8) Even for people of great good will, finding a solution to such complicated problems would take tremendous legislative skill. Ohio’s legislators generally don’t have it. One reason is that in 1992, Republican leaders persuaded voters to impose term limits on legislators. Legislators in Ohio can’t hold their jobs longer than eight years, so they’re constantly jockeying for new positions and their turnover rate is incredible. More important, they aren’t on the job long enough to learn complicated subjects like school finance or business tax law. Generally they just give up and either wait for the next political job or get ready to leave politics and go back to their careers.

9) If it’s possible, things are made even worse by a group of right-wingers whom even mainstream Republicans call the Caveman Caucus. While the state’s economy circles the drain, this group pushes for creationism in the public schools, concealed weapons carry, a “defense of marriage act,” and (as if that weren’t enough) a constitutional amendment (Issue 1) that, if passed, will make it illegal for any public employer to offer benefits to unmarried couples.
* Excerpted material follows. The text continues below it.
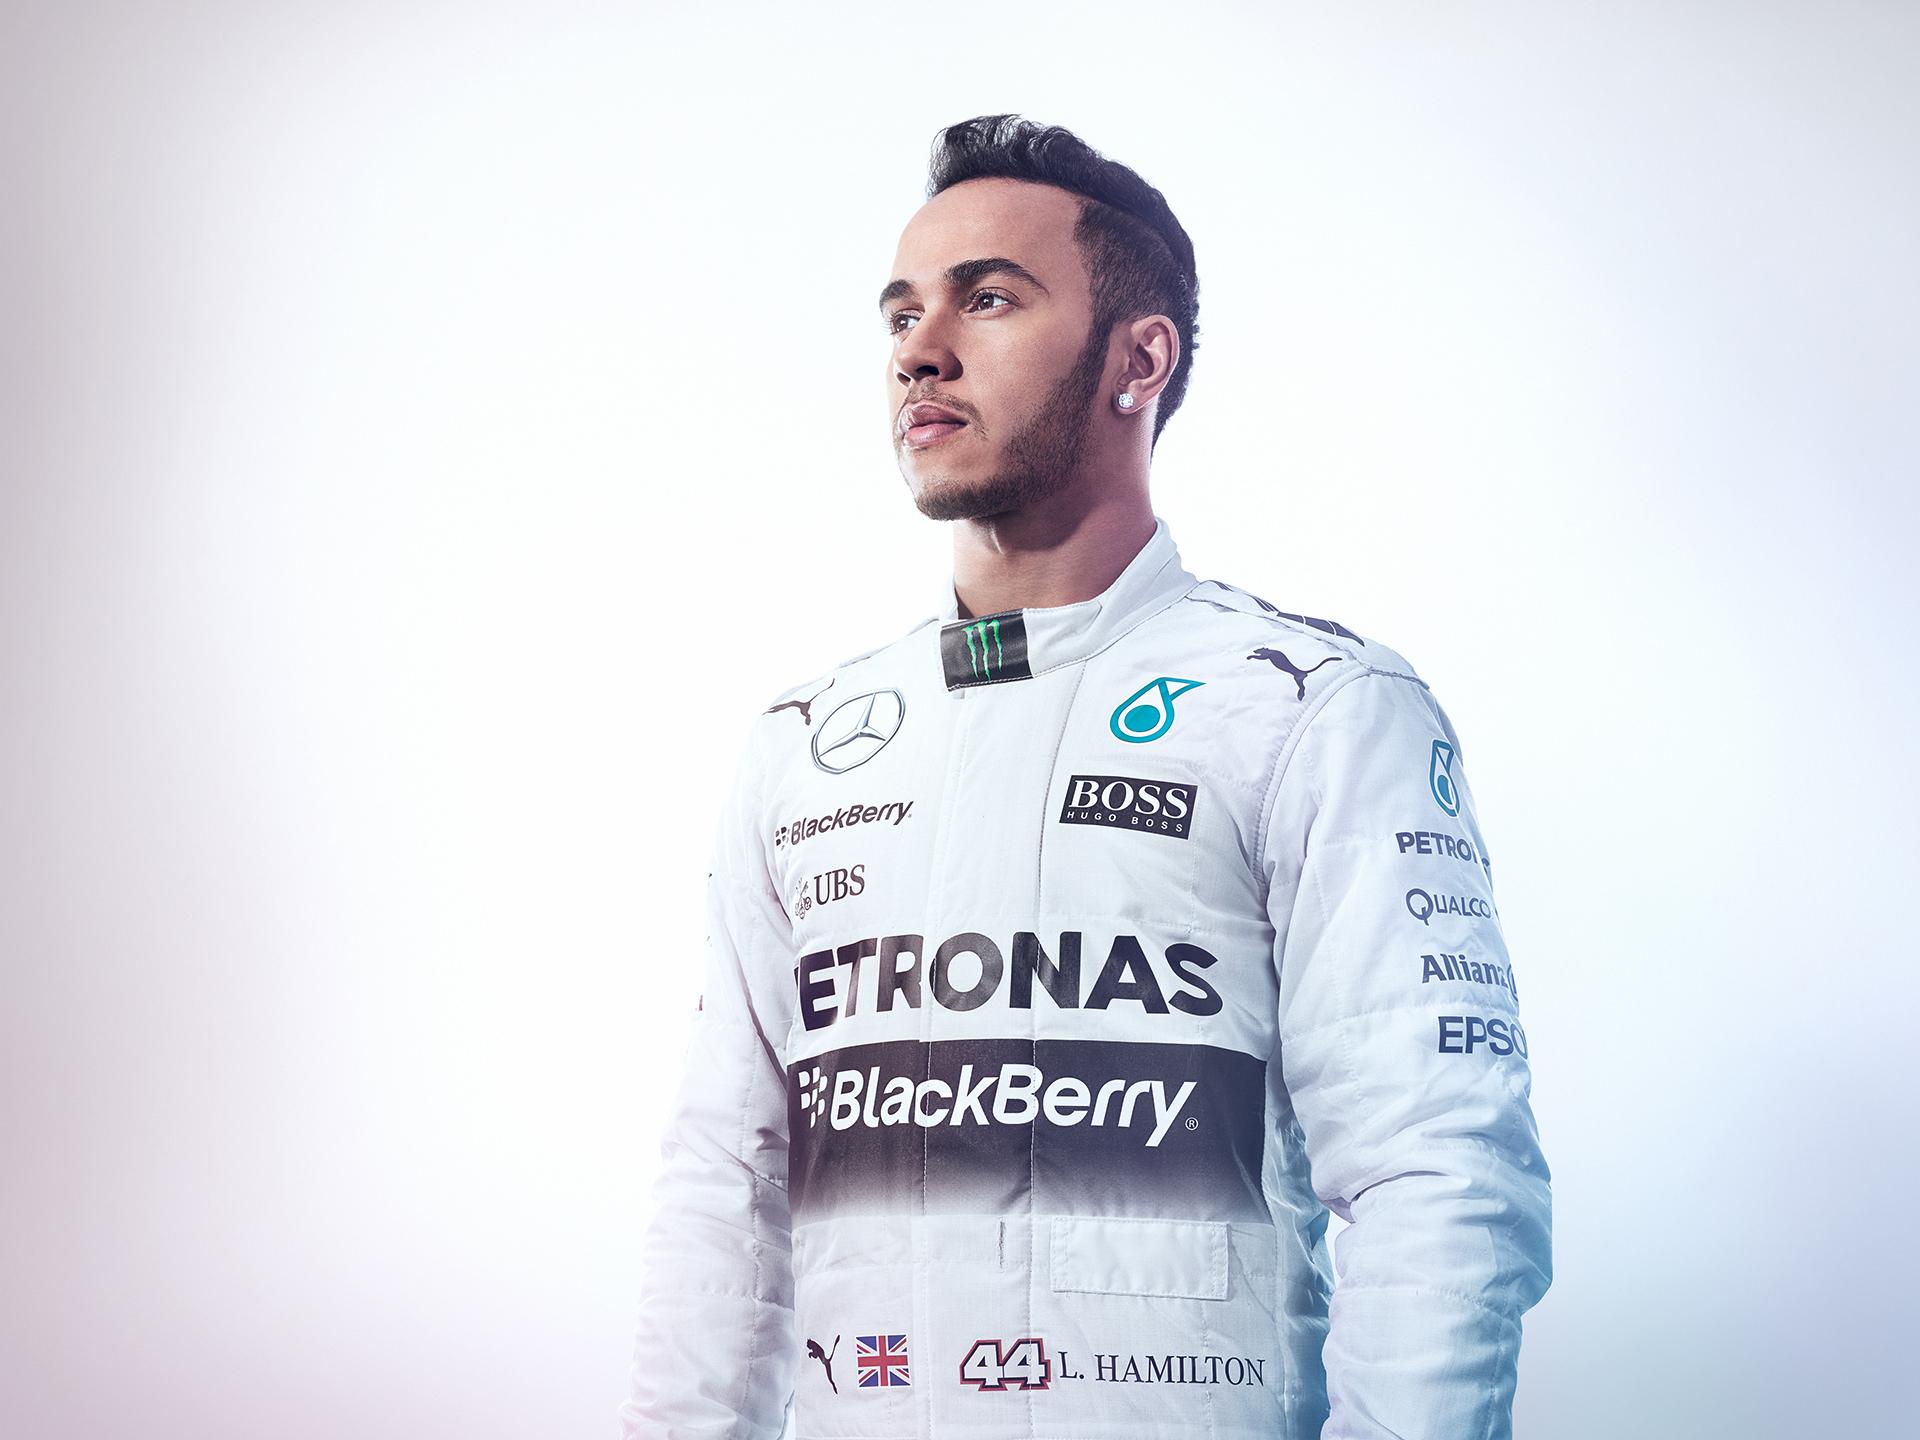 Mercedes Benz, Formel 1, F1, Barcelona, circuit de catalunya, spain, amg, Anke Luckmann, www.ankeluckmann.com, trey, Lewis Hamilton

10) The net result is that progressive businesses that have a chance of locating anywhere see a state with unfair business taxes, a troubled educational system, a shrinking supply of educated workers, regressive laws, and a neanderthal legislature, and locate elsewhere. The businesses that remain consist disproportionately of the ones you don’t want to have.

11) Ohio’s only hope is the wholesale replacement of its elected officials. The only force powerful enough to make that happen is the rage of an aroused electorate. I do see some signs of increasing public alarm, but things may have to get significantly worse before they’ll get better. Since the Republicans have essentially owned the state for the past fifteen years, the simplest way to register outrage is to vote Democratic on all the downticket contests.

Ohio’s legislators and governor have a lot of issues to work on, but only one–education–has the potential to lift the state out of its quagmire. They evidently aren’t motivated to improve the situation. One solution would be to elect a Supreme Court that would enforce its previous rulings. I’m starting by voting for C. Ellen Connally for Chief Justice, since incumbent Thomas Moyer voted against all four DeRolph rulings. I’ll vote to re-elect Justice Paul E. Peiffer, a DeRolph supporter who is running unopposed. I’ll pick William O’Neill to replace Terrence O’Donnell and Nancy Fuerst over Judith Lanzinger.

Ohio is a wonderful place to live, with an incredibly diverse population, a proud history, breathtaking scenery, valuable natural resources, and a terrific location. But if we don’t work out some very serious problems, we may have to remind the last Ohioan leaving to turn out the lights.